University of Delaware hospitality professor Ali Poorani teamed up with Bill Sullivan, managing director of the Marriott Courtyard Newark, to create a new set of metrics for evaluating “human capital performance” in the hotel industry.
“The current metrics, such as average daily rates, occupancy percentages, revenue per available room, and various labor costs that hotels use to measure performance, though well-established, do not adequately quantify return on human capital investment,” Sullivan said.

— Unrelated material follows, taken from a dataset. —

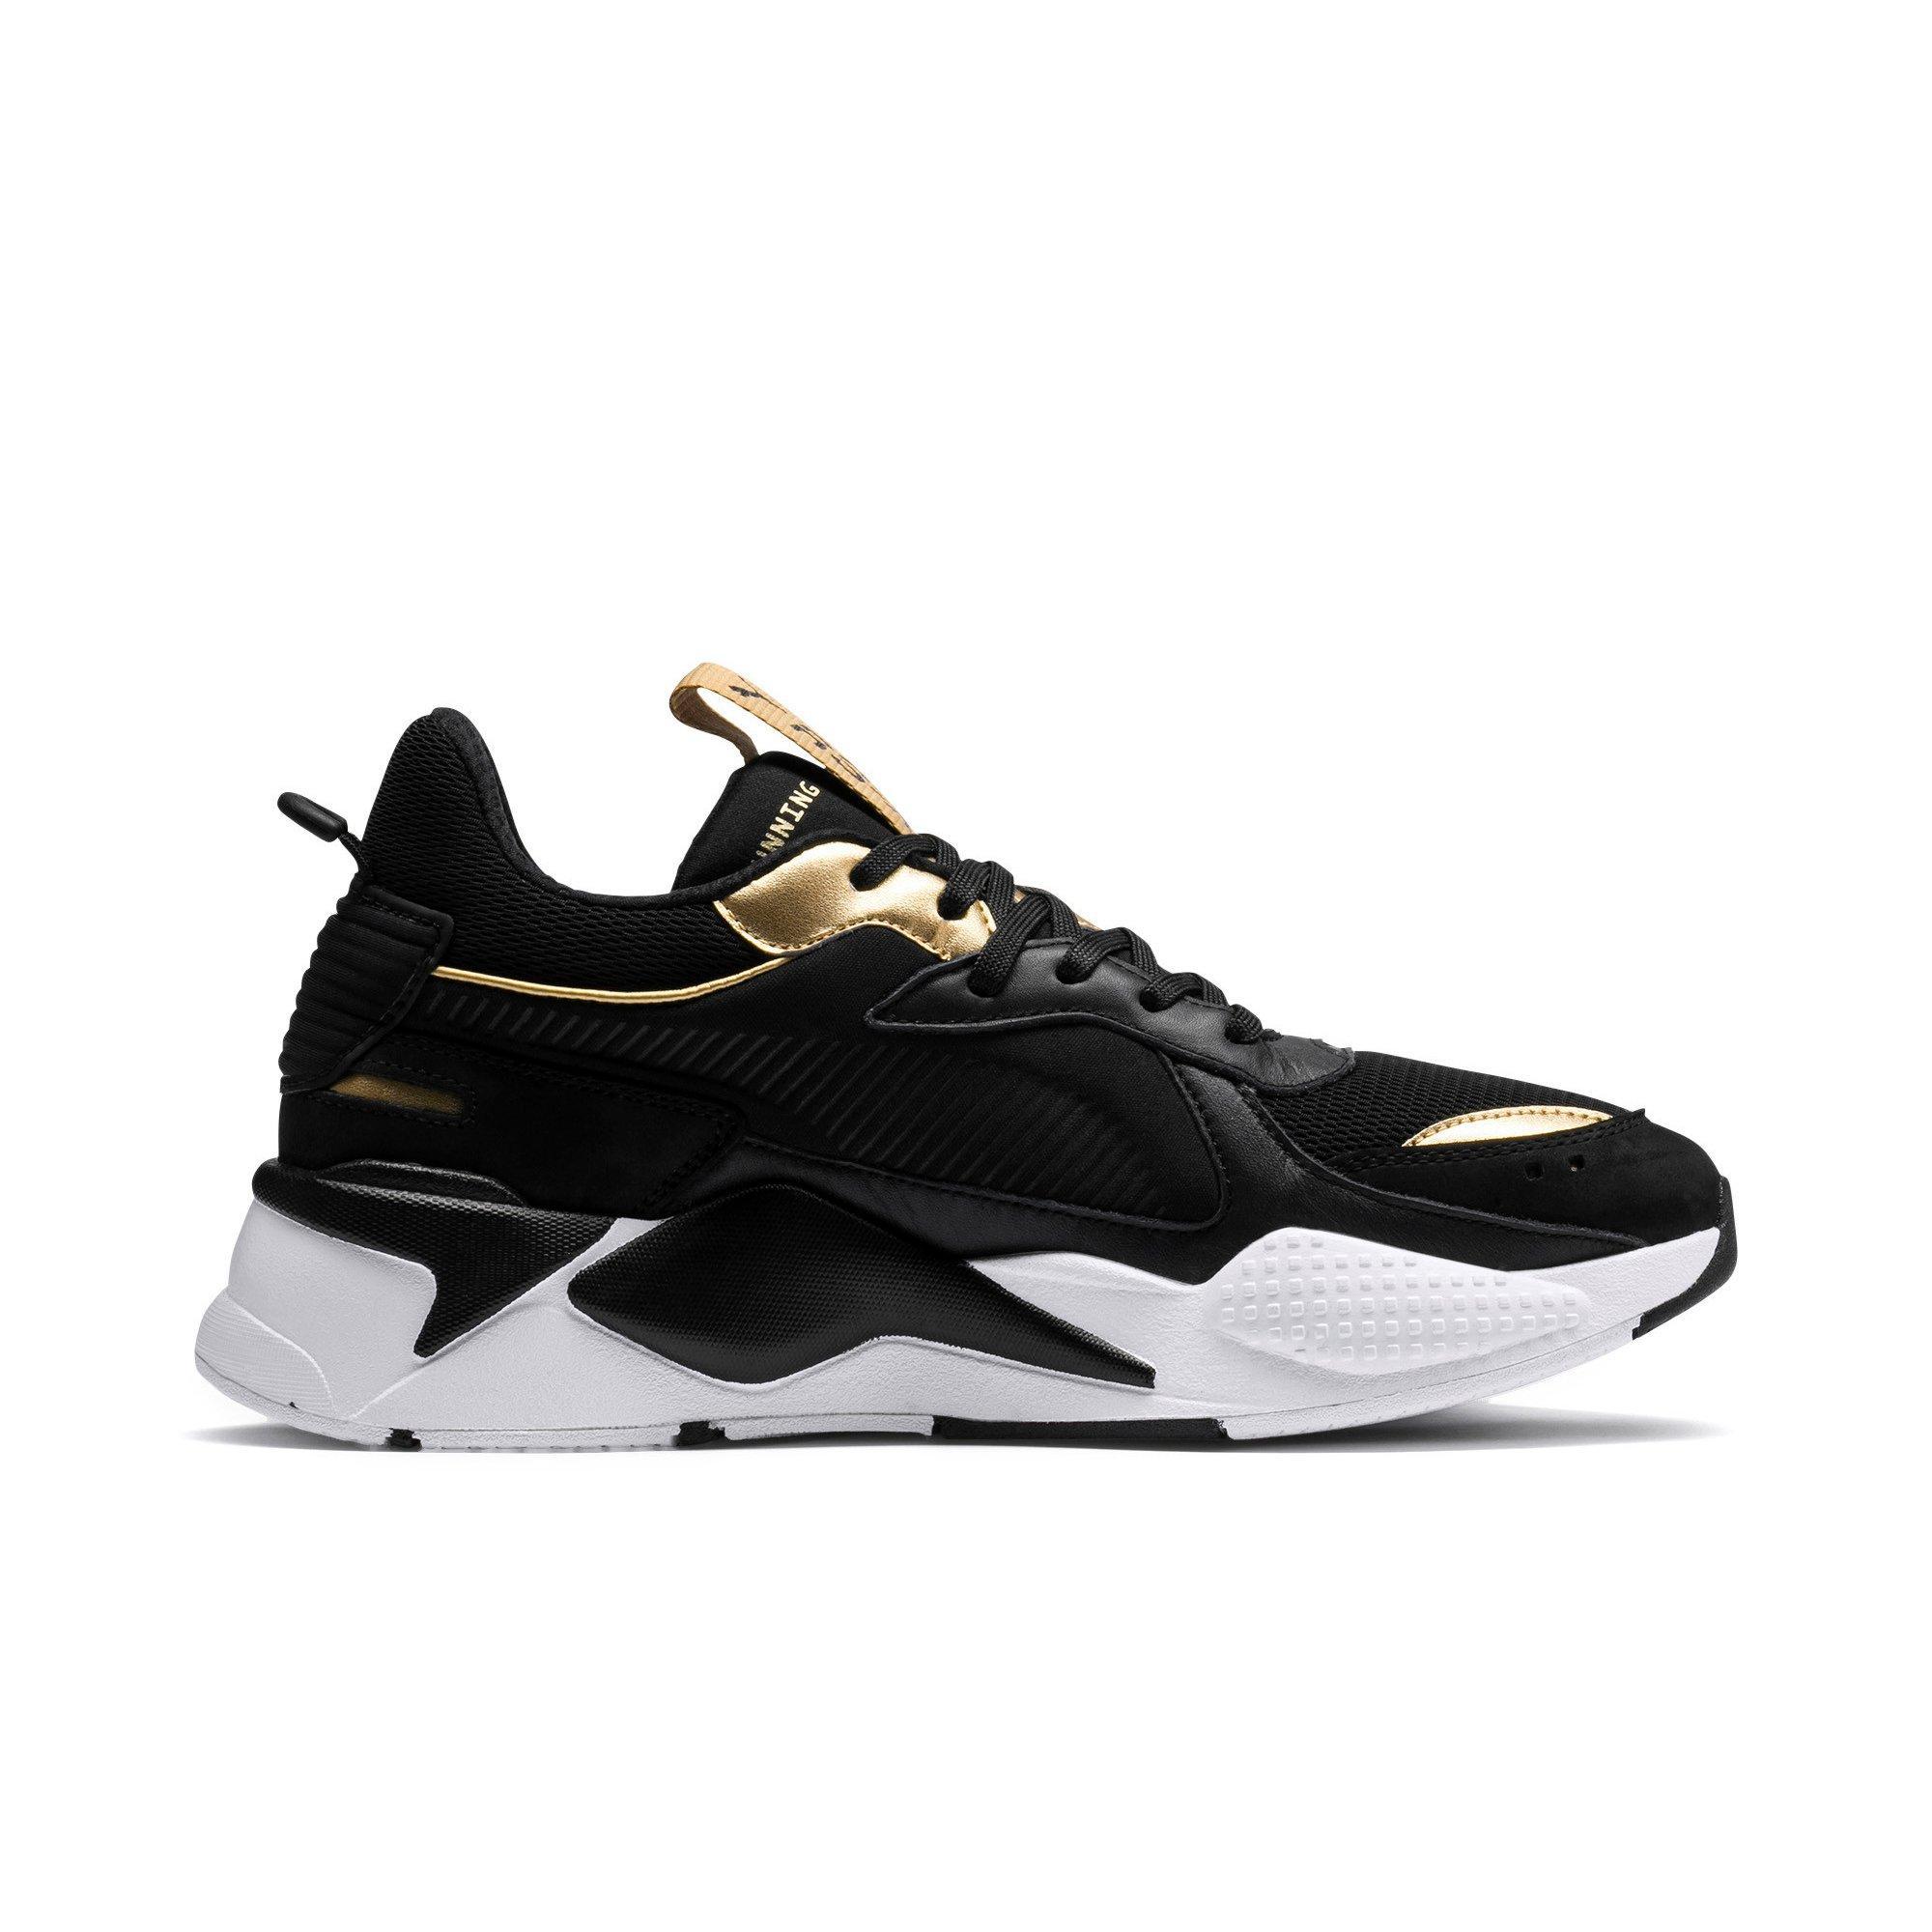 300cd9660cbc2 puma sneaker mens shoes   ventes flash

Poorani has long wanted to develop metrics that factored in human capital, but he didn’t think the data would be available. That’s when he approached the Marriott, which is located on the college’s campus.
The team then applied the Vienna Human Capital Performance Index to the Marriott over a span of three years.
According to a press release from the University of the Delaware, the index calculates:
• Entire investment in human capital: Employee costs, costs in support of employees and costs in lieu of employees.
• Human capital productivity: The amount of revenue generated for each dollar invested in human capital after adjusting for the costs of material.
• Profit sensitivity: The ratio between profit-driven incentives and profit goals determined by the organization.
Sullivan said the study “provides evidence for the ties between financial returns and human capital performance at strategic levels.”
In the future, the hotel will continue to use this data to explore the role of human capital investment in factors like profit and productivity.